Witness also the Happy Hooker, Xaviera Hollander, ruminating on the Gone! Plus the über-prolific Lyn Lifshin, the hilarious Mike Topp, and the Transcendental Jack Collom. Talk about a line-up of established and emerging writers, people! We’ve got genre-busting veterans like David Gessner and Willie Smith sharing space with revolutionary upstarts like Myron Michael and Perrin Carrell!

 

As for International Luminaries, Viva the celebrated Surrealist Jacques Prévert, impeccably traduced by Norman Shapiro! Viva also Leticia Luna speaking through the blood of Toshiya Kamei! And make sure you check out the whacko woodcuts of South Amerigo’s Alfredo Benavidez Bedoya accompanying Daniel Grandbois’ “hallucinogenic memoir” excerpt. We’re also glad to showcase Jose Perez Beduya, Manillan winner of the Plonsker Prize.
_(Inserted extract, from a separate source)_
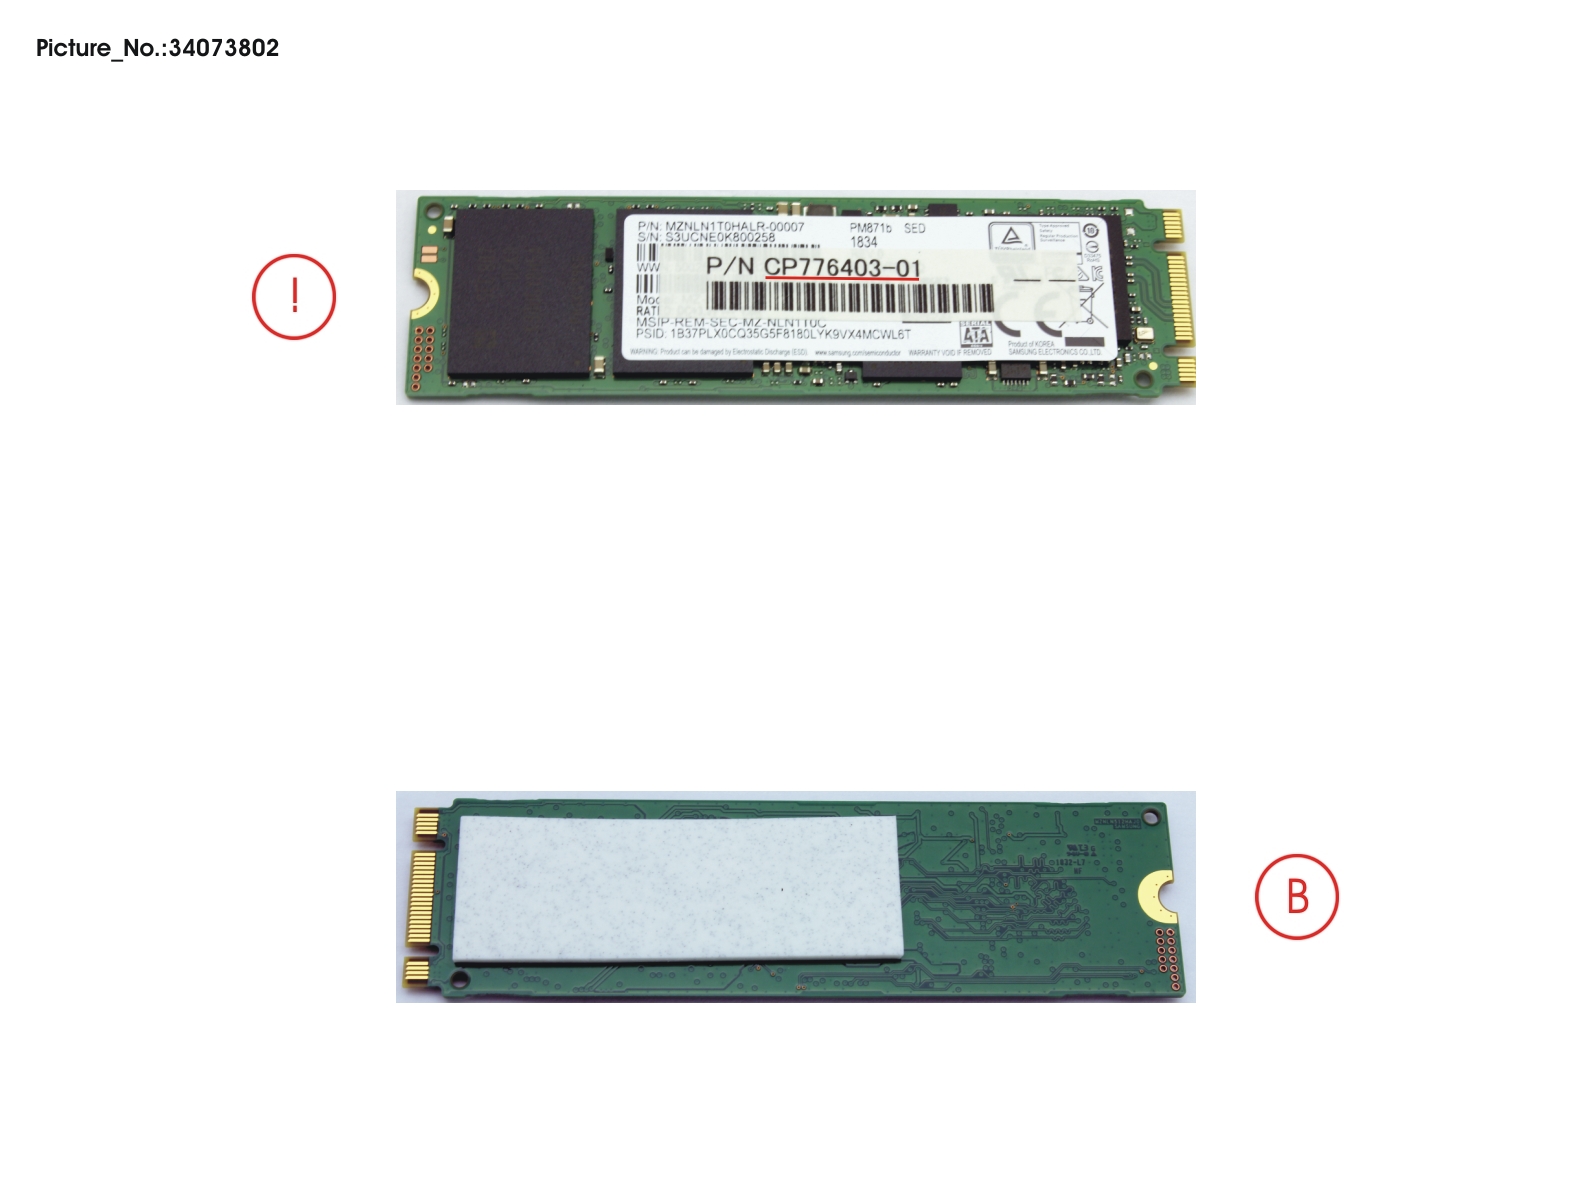 SSD S3 M.2 2280 1TB (OPAL) W/RUBBER
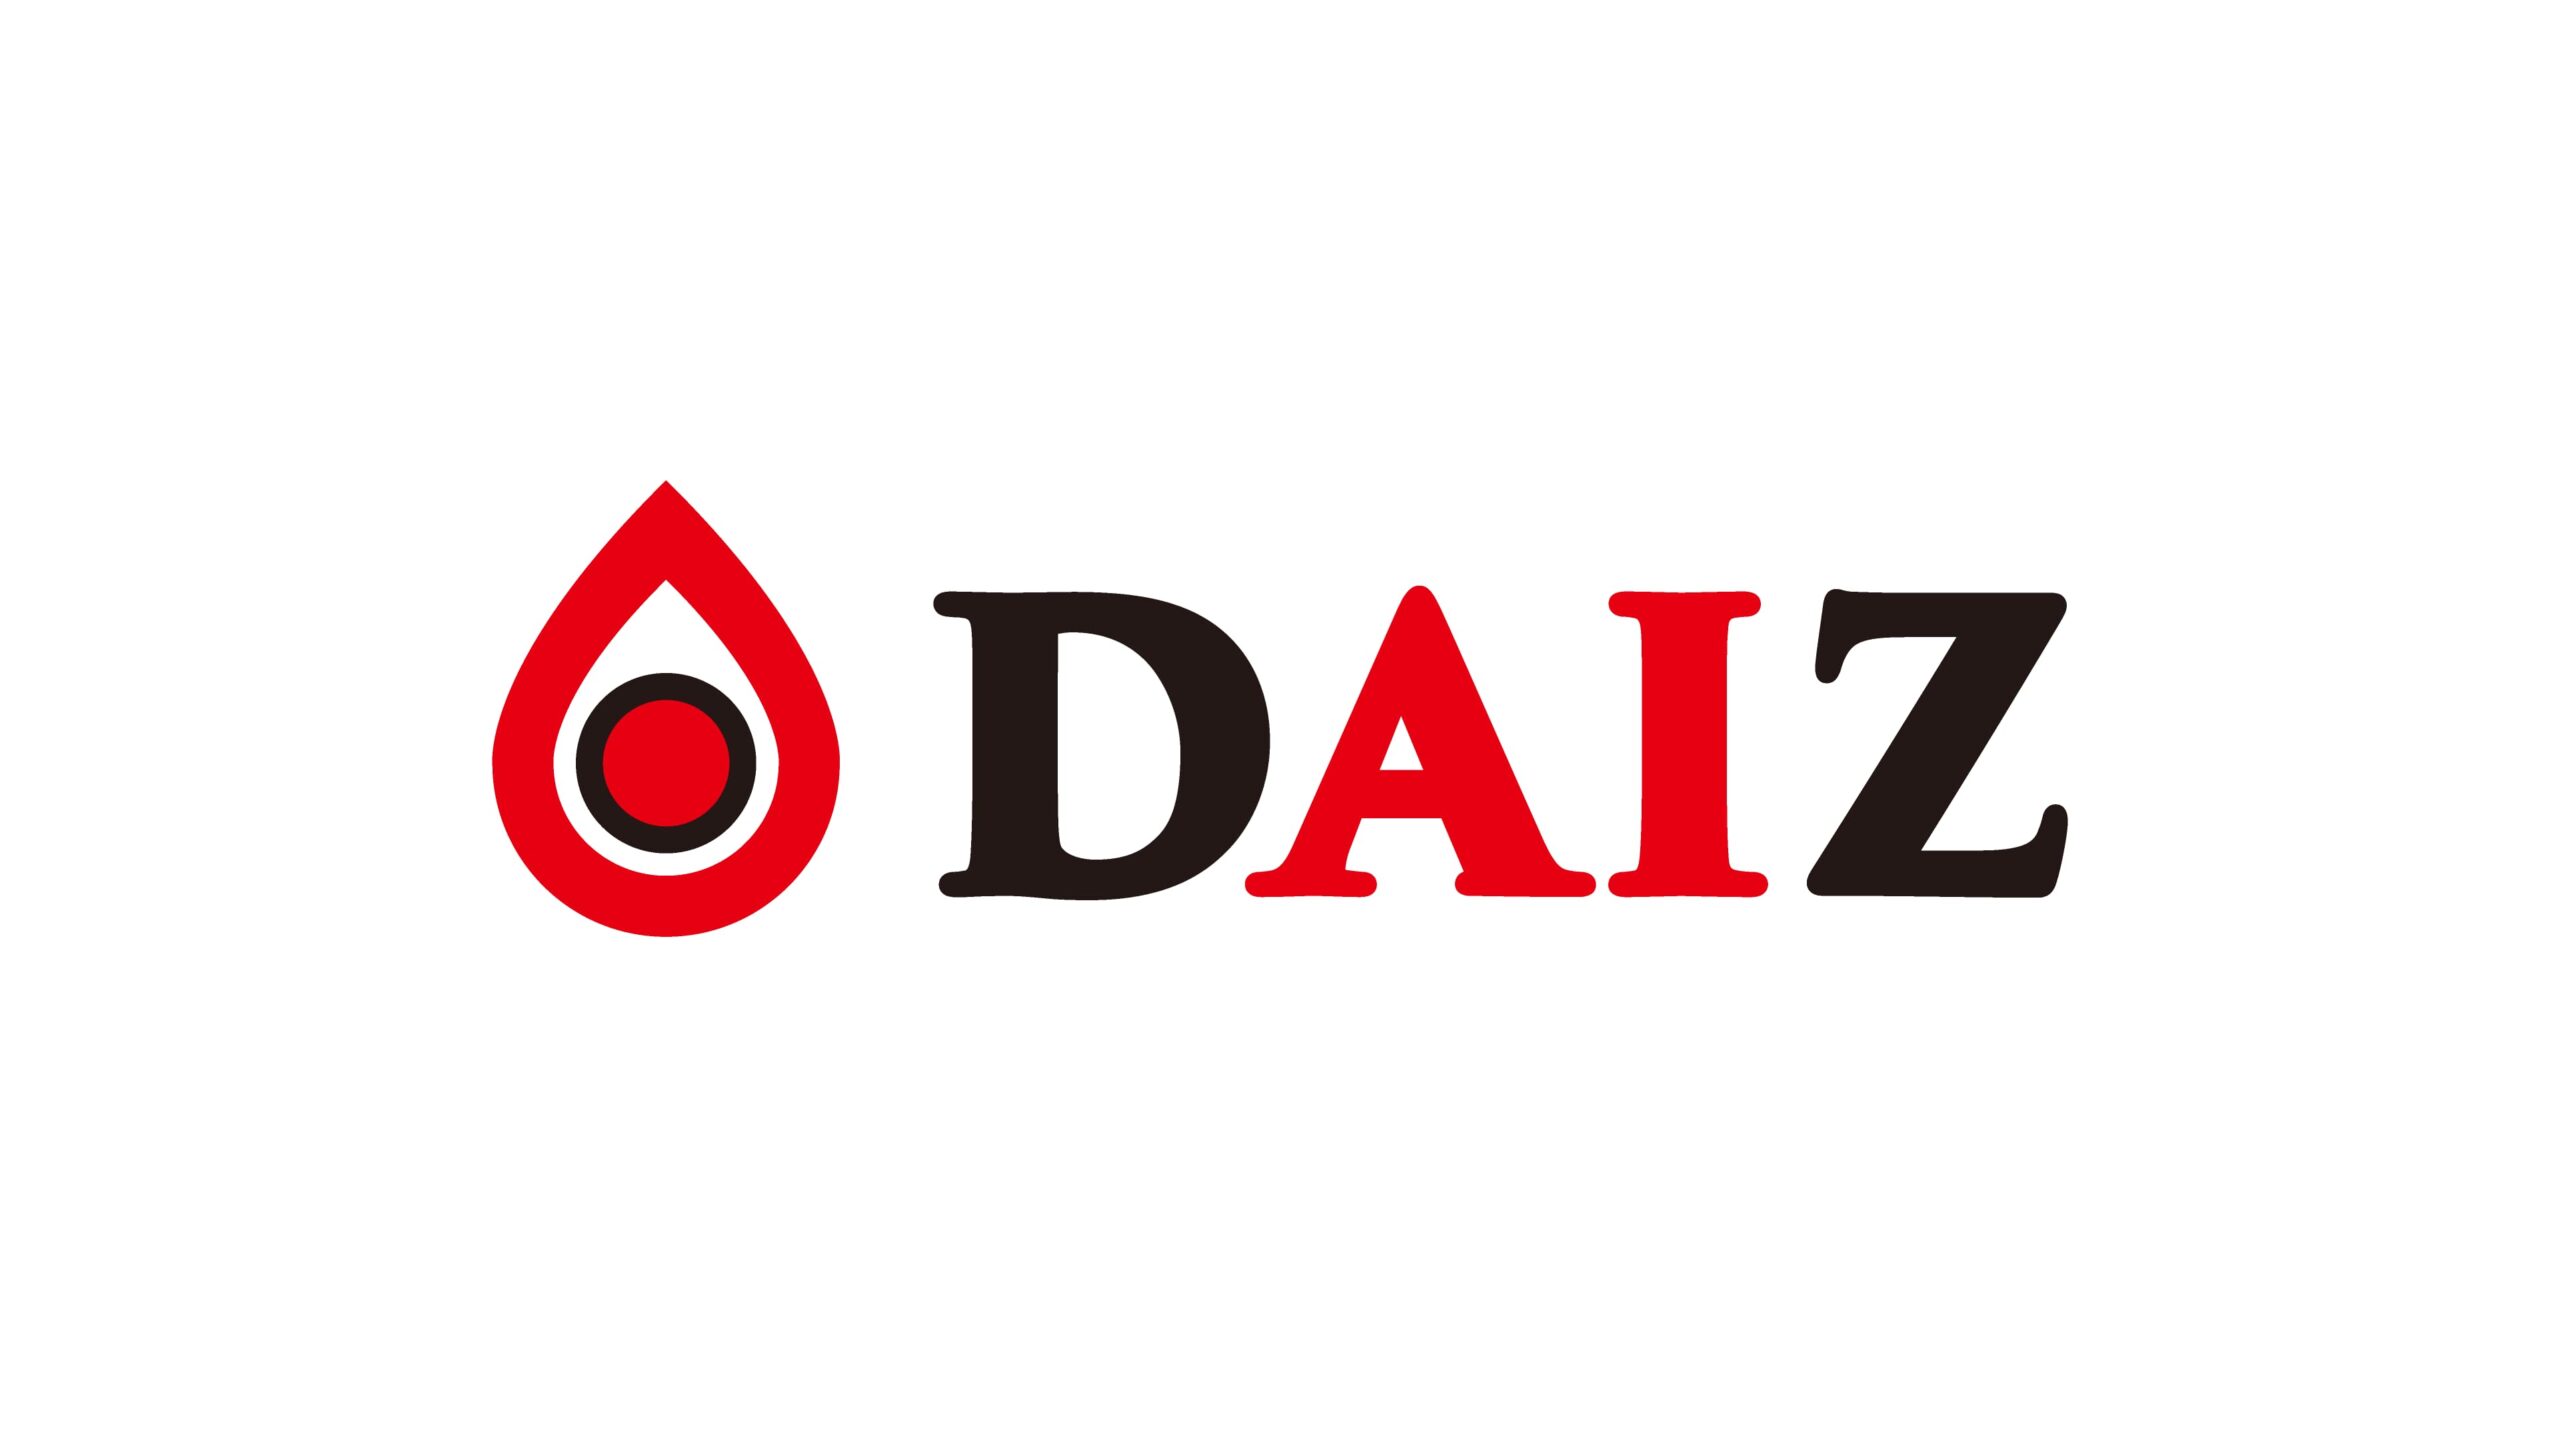 「ミラクルミート」を開発・製造するフードテックのDAIZ株式会社がデット含め71億円の資金調達ー累計調達額は131億円に

Then there are the Arkansawyers, those ambassadors of the great tradition rendered vivid by Donald Harington, Frank Stanford, and the Meatwheel turning in the sky. Meaning Marck Beggs, Bernard Reed, Timothy Snediker, Stephanie Vanderslice, Kevin Brockmeier, and C.D. Wright again!

 

We also have Teresa Bergen (aka, Baby Lovecat), Menachem Feuer, Davis Schneiderman, William Lychack, C. Prozak, Kelvin Krill, Mr. Stir Fry, David X. Machina and Poetry Class. Artists whose work is colorful, provocative, and off the perennial chain!

 

Without doubt, this is the most exciting development in contemporary lit since, well... since 2009, when ye olde Exquisite Corpse came back into print, thanks to us.

 

And speaking of thanks, we’d like to acknowledge UCA, its College of Fine Arts and Communication, its Department of Writing, all the editors who gave us stuff, our contributors and audience (including our essential subscribers!), everyone and every organization involved in this project, and as always, our anonymous donor we can’t reveal, lest his neighbors suspect his respect for Poetry (which could lead to catastrophe—or at least a drop in business).